Showing papers on "Styrene-butadiene published in 1981"

High vinyl polybutadiene or styrene-butadiene copolymer

Abstract: OF THE DISCLOSURE High vinyl polybutadiene or styrene-butadiene copolymer obtained by polymerizing 1,3-butadiene alone or with styrene in a hydrocarbon solvent using an organolithium compound as an initiator and coupling the resulting polymer, characterized in that (1) the polybutadiene or styrene-butadiene copolymer comprises at least 20% by weight of a polymer having in its molecular chain a linkage between butadienyl and at least one element selected from the group consisting of silicon, germanium, tin and lead, (2) the styrene content of said copolymer is 40% by weight or less, and (3) the polybutadiene or the butadiene portion of the styrene-butadiene copolymer has a vinyl content of 50 to 95%. Said polybutadiene or sytrene-butadiene copolymer has a low rolling resistance, high wet skid resist-ance, highly improved fracture property and, an excellent processability.

Styrene-butadiene block copolymer

Abstract: A styrene-butadiene block copolymer having a Mooney viscosity (ML1+4, 100° C.) of 10 to 150 comprising two specific random styrene-butadiene copolymer blocks different in bound styrene content and in vinyl content in the butadiene portion, and optionally polybutadiene blocks, wherein the total vinyl content in the whole bound butadiene is 30 to 70% and the total bound styrene content is 10 to 40% by weight. Said block copolymer is excellent in wet skid resistance and rolling resistance, well-balanced in fracture and wear characteristics and also satisfactory in processability and cold flow property.
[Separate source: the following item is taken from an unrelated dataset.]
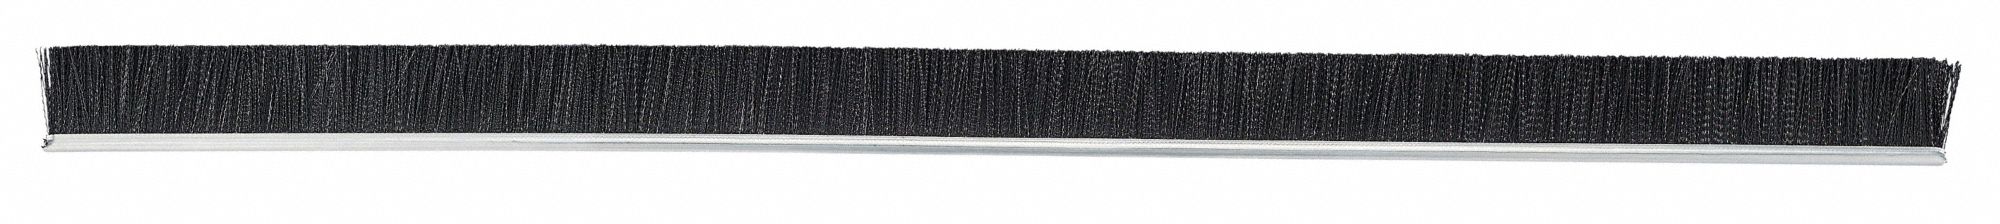 0.020 Bristle Diameter 5/16 Thick 3 Overall Length Black Nylon Bristles Tanis Brush MB700836 Galvanized Backed Strip Brush 3 Trim 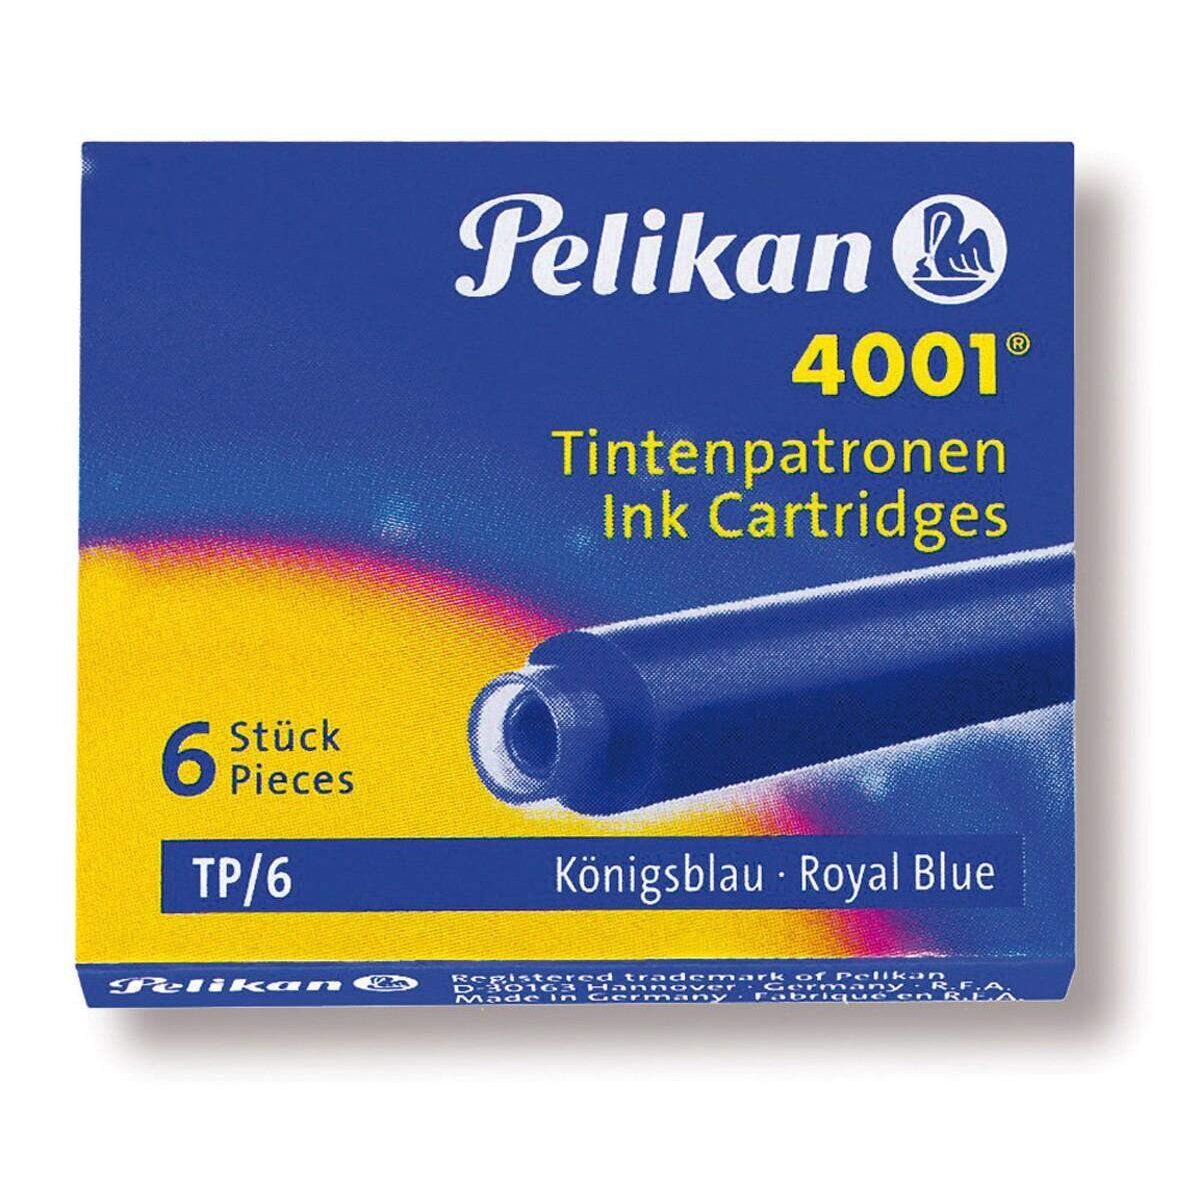 Pelikan Tintenpatrone 4001 TP/6, königsblau, 6 Stück

Random styrene-butadiene copolymer rubber

Abstract: A random SBR having excellent tensile strength, resilience, and abrasion resistance as well as a reduced heat buildup property, which comprises 10% to 40% by weight of styrene units and the balance of butadiene units and has a Mooney viscosity of 30 to 150; a content of butadiene units having 1,2-vinyl structure of 60% or less; a ratio Mw/Mn of from 1.2 to 3.5; and a content of isolated styrene units of 40% or more and a content of another styrene units in long chain block form of 5% or less, both contents being determined by decomposing the copolymer with ozone and by applying a gel permeation chromatographic analysis to the ozone decomposition product.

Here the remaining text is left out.